NZ health service takes on GTG over licence fees

By Graeme O'Neill
Tuesday, 24 August, 2004

On the eve of its landmark patent-infringement case against US gene-testing company Applera Corp, Melbourne-based Genetic Technologies (ASX:GTG) has been hit with a New Zealand challenge to its right to charge licence fees for access to its non-coding DNA patents.

The Auckland District Health Board (ADHB) has launched a pre-emptive action in the NZ High Court after conducting what ADHB general council Bruce Northey has described as an "extensive analysis" of GTG's patent claims.

GTG's executive chairman, Dr Merv Jacobson, told Australian Biotechnology News from Colorado that he had only just received the documents relating to the ADHB's challenge. He had not yet appointed counsel, so could not comment on the legal issues involved.

But Jacobson questioned ADHB's decision to issue a media release announcing the NZ court challenge to the New Zealand and Australian media before he had received the documents. He said he had only learned about the challenge when NZ journalists called him for a comment. Jacobson was also critical of ADHB's account, in the media release, of negotiations with GTG over the past 18 months.

ADHB has accused GTG of using implied threats of legal action to force the ADHB to pay access and royalty fees for the GTG patents. ADHB said its challenge to GTG followed an extensive analysis of the patents' scientific and legal basis, involving members and advisers to the New Zealand health services community.

Northey confirmed that GTG's co-founder and inventor of the company's non-coding DNA gene-testing techniques, Dr Malcolm Simons, had been advising the ADHB and its legal counsel during its analysis. It had yielded a "consensus understanding" of the claims and their relevance to all the genetic tests used by the ADHB that could be subject to licence fees if GTG's interpretation of its patent rights was upheld.

But, Northey said, "Malcolm's summary was that, while the patents can be interpreted to relate to what he invented, nobody employing the methodology would be infringing the patents."

Northey said the Auckland High Court challenge was a response to GTG's demand for substantial licence fees for standard DNA tests for genetic disorders performed by 20 public health agencies in New Zealand, including the ADHB.

In a statement, the ADHB said GTG had initially demanded an upfront payment of AUD$10 million from the country's pubic health sector, plus an annual access fee of $2 million. After discussions, GTG had reduced its demand to a one-off licence fee of AUD$560,000.

"Nowhere else in the world is a public health provider paying licence fees to GTG for tests that are standard globally," Northey said.
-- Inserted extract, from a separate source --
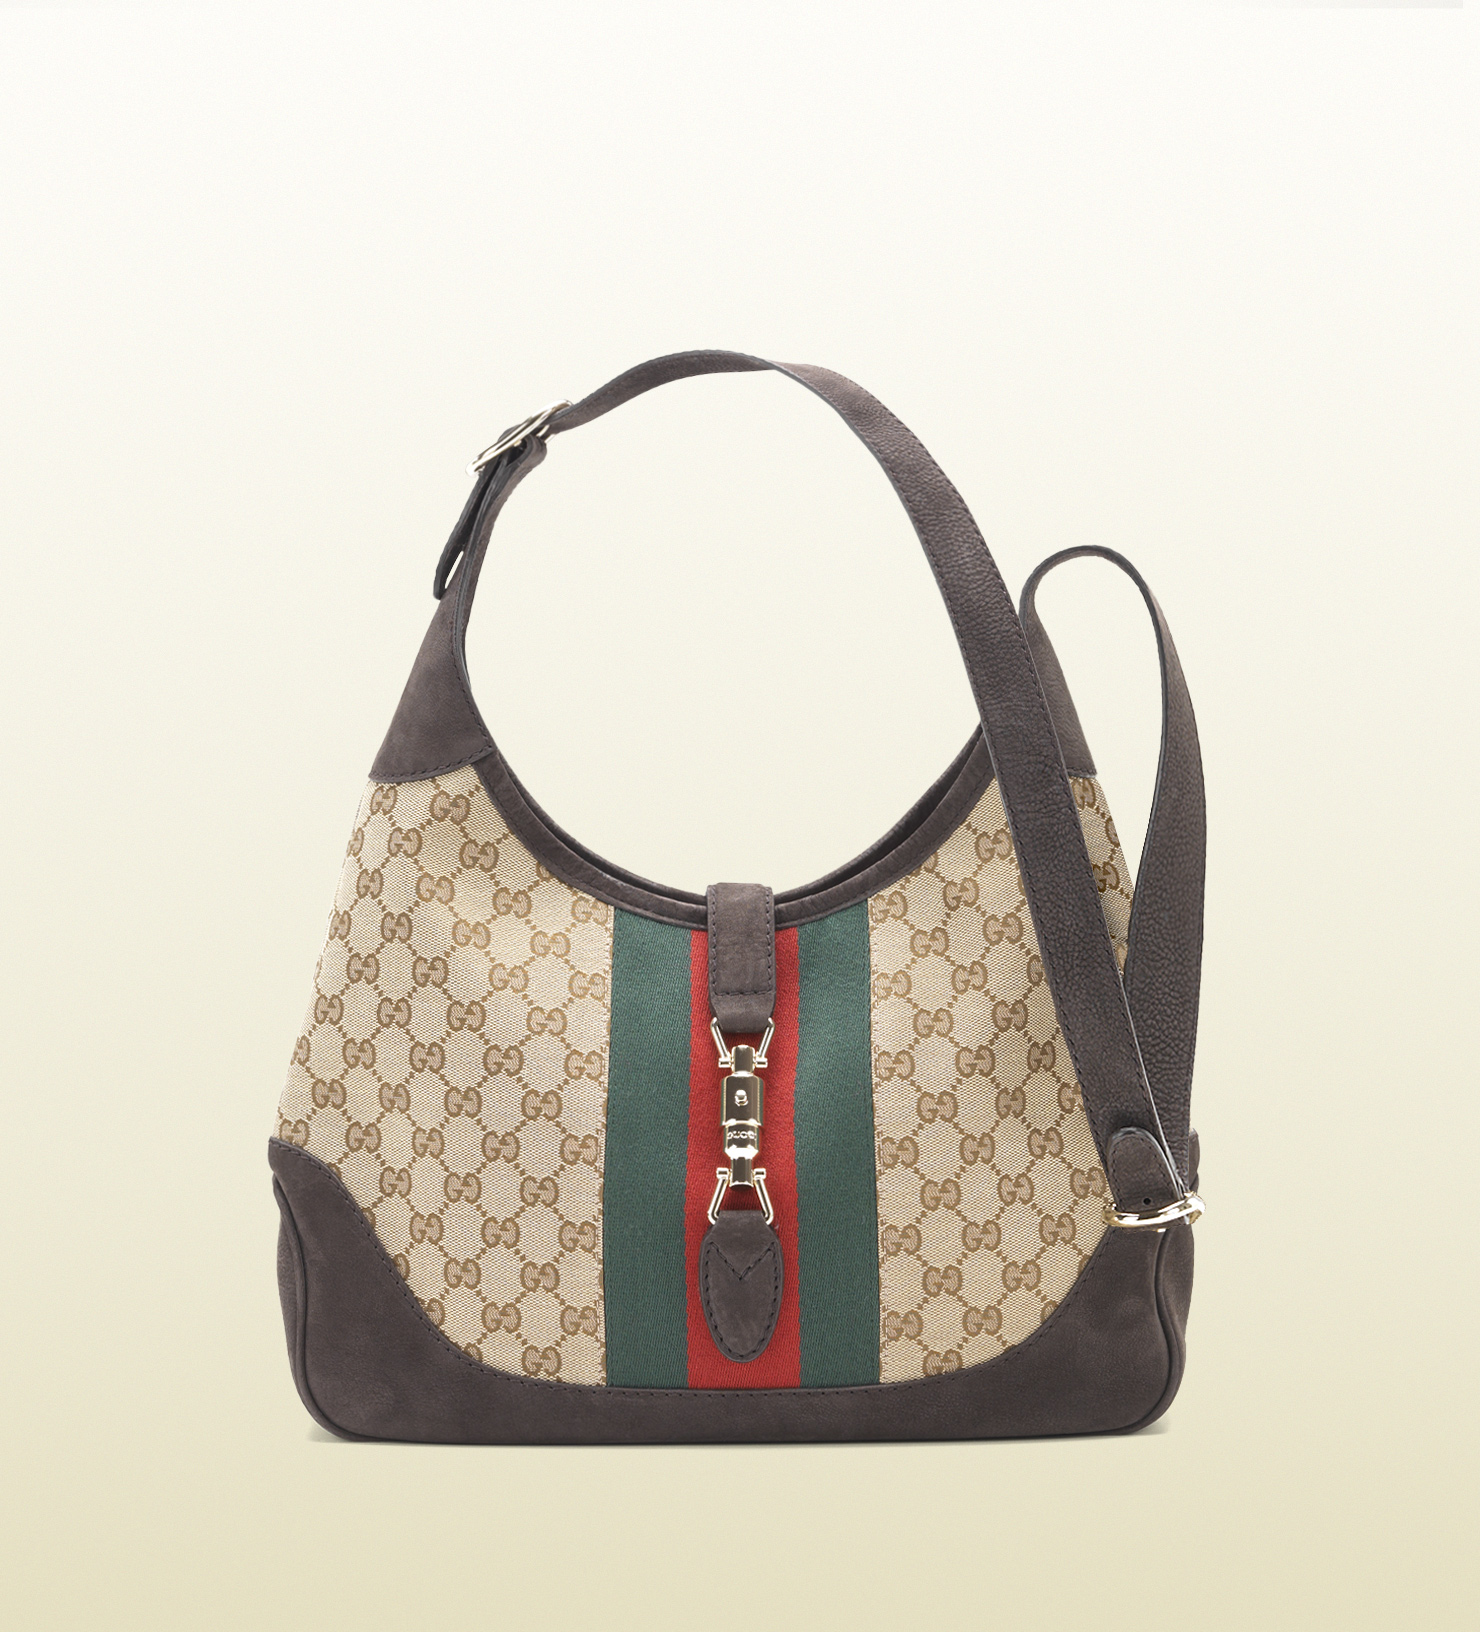 7babf24f8e8 Lyst - Gucci Jackie Shoulder Bag in Natural
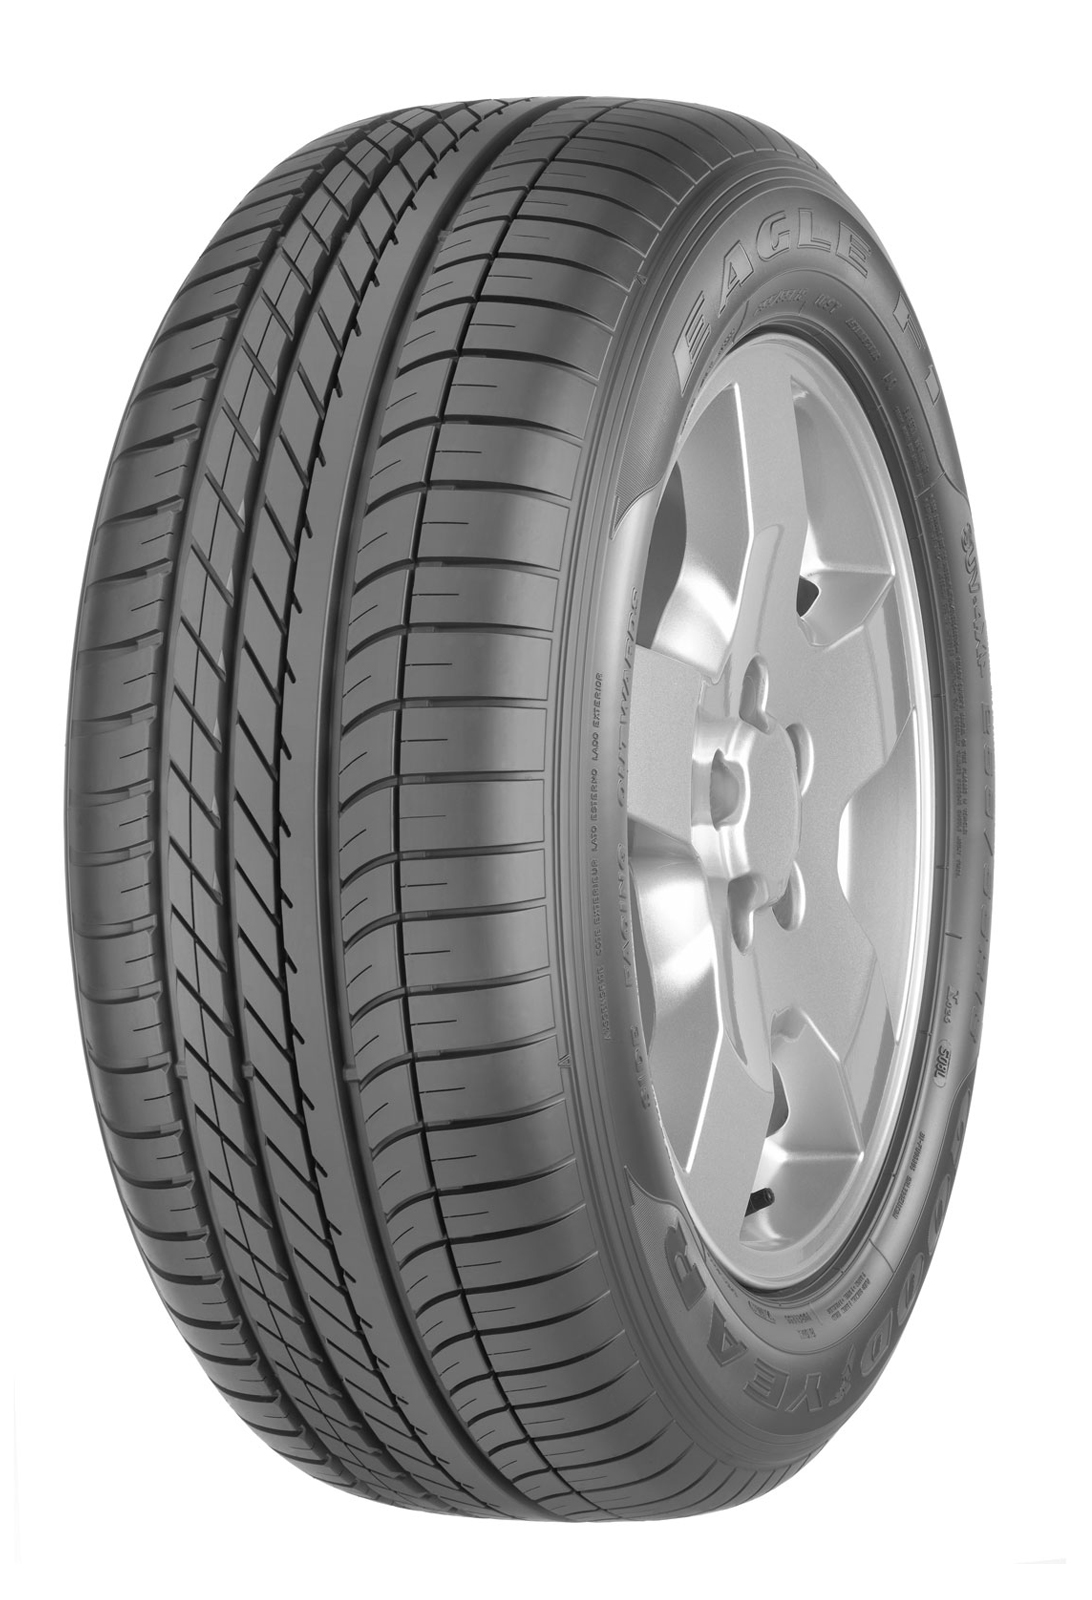 автомобильные шины Goodyear Eagle F1 Asymmetric SUV AT 255/55 R19 111W

Jacobson said GTG had worked with the ADHB for 18 months, and that he had made numerous visits to New Zealand to work with them "in good faith".

He said the initial $10 million fee was a price for 20 different district health boards to be licensed in one batch, and part of a public-private partnership where $5 million would be offered back to New Zealand universities for research.

Jacobson said GTG revised its licence fee down to the one-off figure of $560,000 after Northey had corrected the original figures and provided more accurate information about the level of use of the genetic tests by the 20 health boards, which was much lower than originally estimated.

GTG has licensed its technology to two of New Zealand's leading biotechs -- dairy company ViaLactia, and livestock company Ovita. It has also issued licenses to US firms Sequenom, Perlegen, Nanogen and Myriad Genetics, and Swedish company Pyrosequencing, as well as other firms and universities.

GTG is preparing to list on the Nasdaq index later this year. Northey said the ADHB was prepared for the court case to happen "as quickly as possible".